Con éstas y otras imperfecciones, lo cierto es que entre 1867 y 1876 el país vivió su único ensayo en la división de poderes. Esta división adoptó la forma de un difícil aprendizaje. El Congreso incurría en dilaciones innecesarias, discutía asuntos irrelevantes, pasaba de largo temas fundamentales. Pero al paso de los años sus funciones se afinaron propiciando una sana convergencia de los poderes públicos. Con buena fe y patriotismo, los representantes populares cedieron al Ejecutivo las zonas de acción y decisión que evidentemente le correspondían. Por su parte, Juárez y Lerdo de Tejada trabajaron con el Congreso, y a menudo contra el Congreso, pero jamás coartaron un ápice su libertad ni imaginaron la opción que adoptaría Porfirio Díaz (y tras él, el "Porfirio colectivo" que ha sido el régimen del PRI): trabajar sin el Congreso, volviéndolo un apéndice del Ejecutivo.

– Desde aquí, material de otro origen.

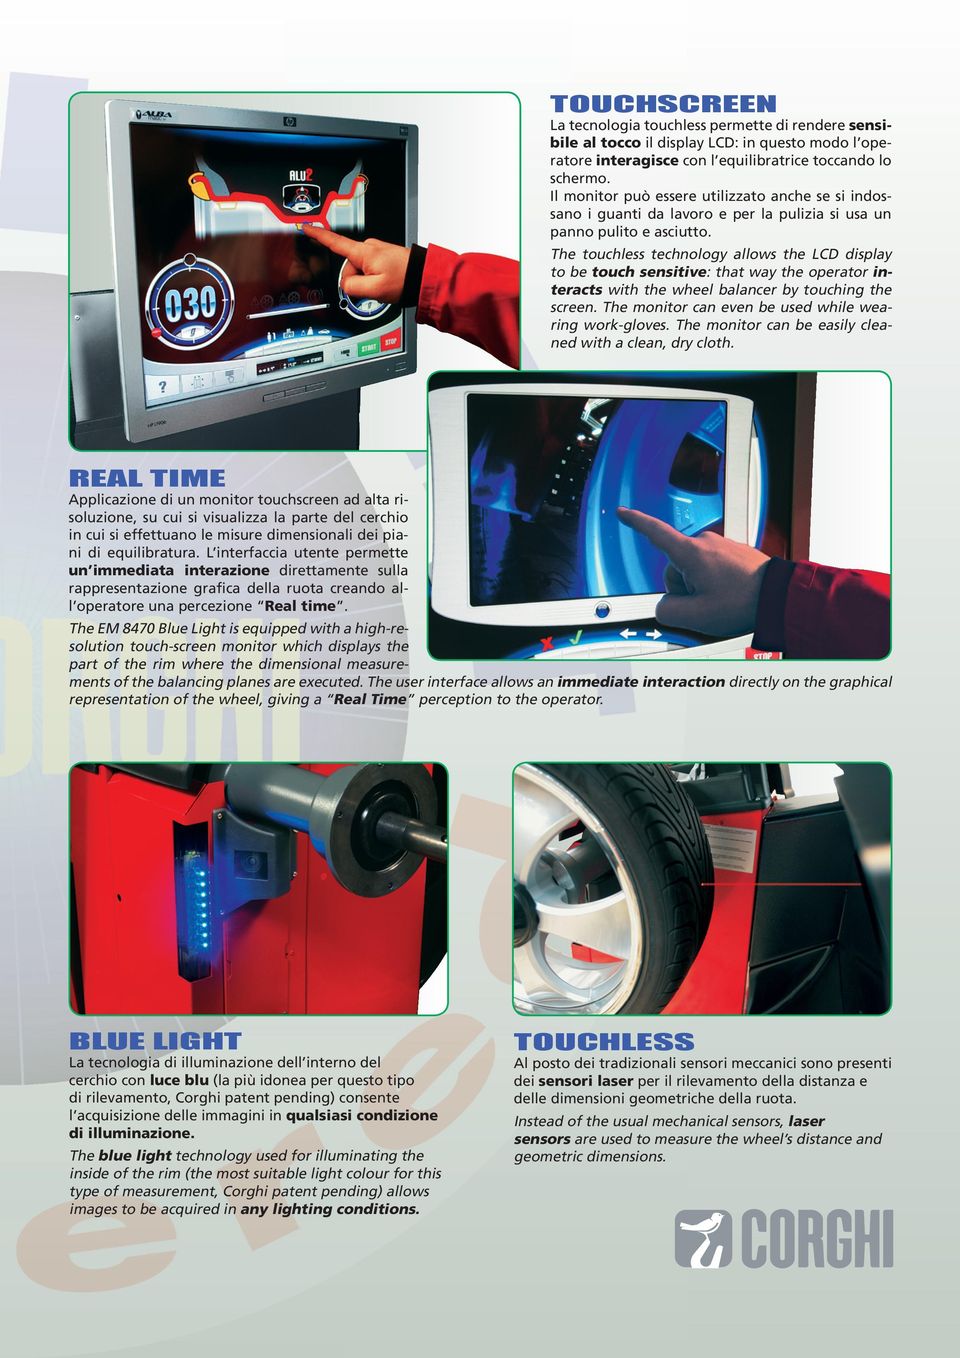 The touchless technology allows the LCD display to be touch sensitive: that way the operator interacts with the wheel balancer by touching the screen.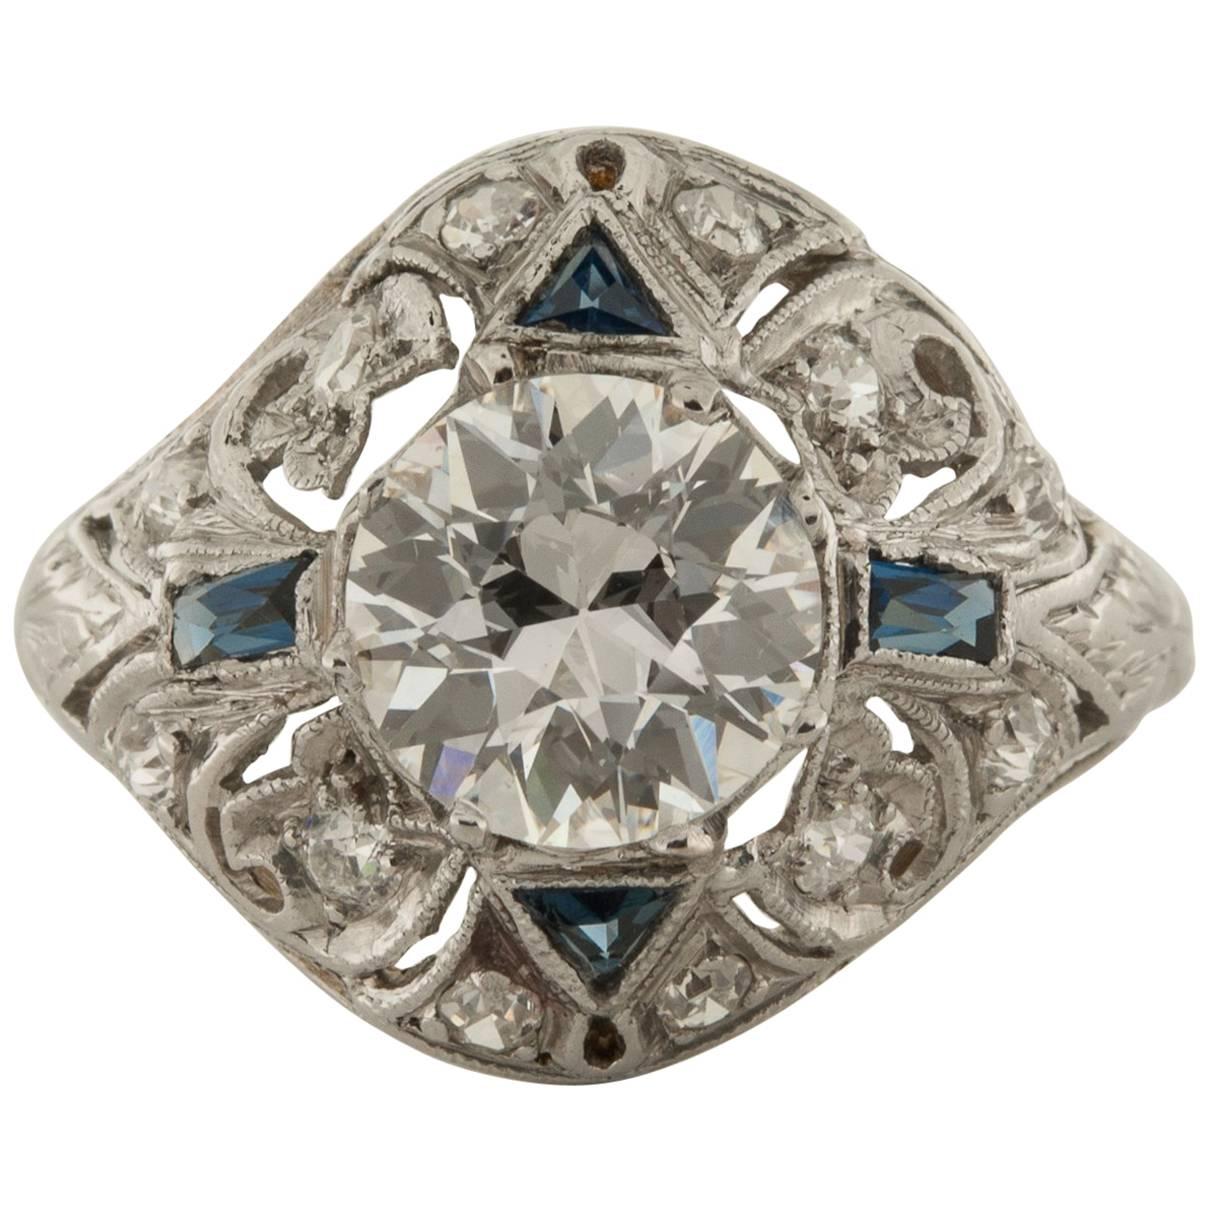 1920s Art Deco 1.18 Carat Diamond and Sapphire Ring For Sale

En 1997 se abre la posibilidad de restaurar el equilibrio de poderes. Costará patriotismo y buena fe, pero no parece utópico. Una amplia campaña de comunicación que aclare al votante (y, en algún caso, al presunto diputado) las funciones y responsabilidades de un diputado, aunada a la multiplicación de debates entre candidatos, son medidas que enriquecerían la contienda electoral. A partir de allí, no es imposible imaginar un Congreso democrático normal donde los diputados deliberen y voten no de acuerdo con la consigna de sus líderes o patrones sino con la voluntad de sus electores y de acuerdo con sus propias conciencias. Por lo demás, el Legislativo no podría, aún proponiéndoselo, bloquear al Ejecutivo: la Constitución de 1917 que nos rige se lo impide.
Al ver funcionando esta inusitada maquinaria, el mexicano comprenderá que el Congreso es la única arena legítima para librar, dirimir y decidir las batallas públicas. Ninguna otra. Cuando esta convicción arraigue en la mayoría, tendrá un efecto de alivio. El eterno chantaje de la violencia política desaparecerá del horizonte. Así, el trienio 1997-2000 nos prepararía para abrir el nuevo milenio en una situación parecida a la que mostraba el país en tiempos de Juárez: "México tenía entonces escribió Cosío Villegas el aspecto mediocre de una democracia, en la cual cuentan poco muchos hombres, y no el aire majestuoso de la tiranía, en la que un solo hombre cuenta por todos y los demás son meras sabandijas".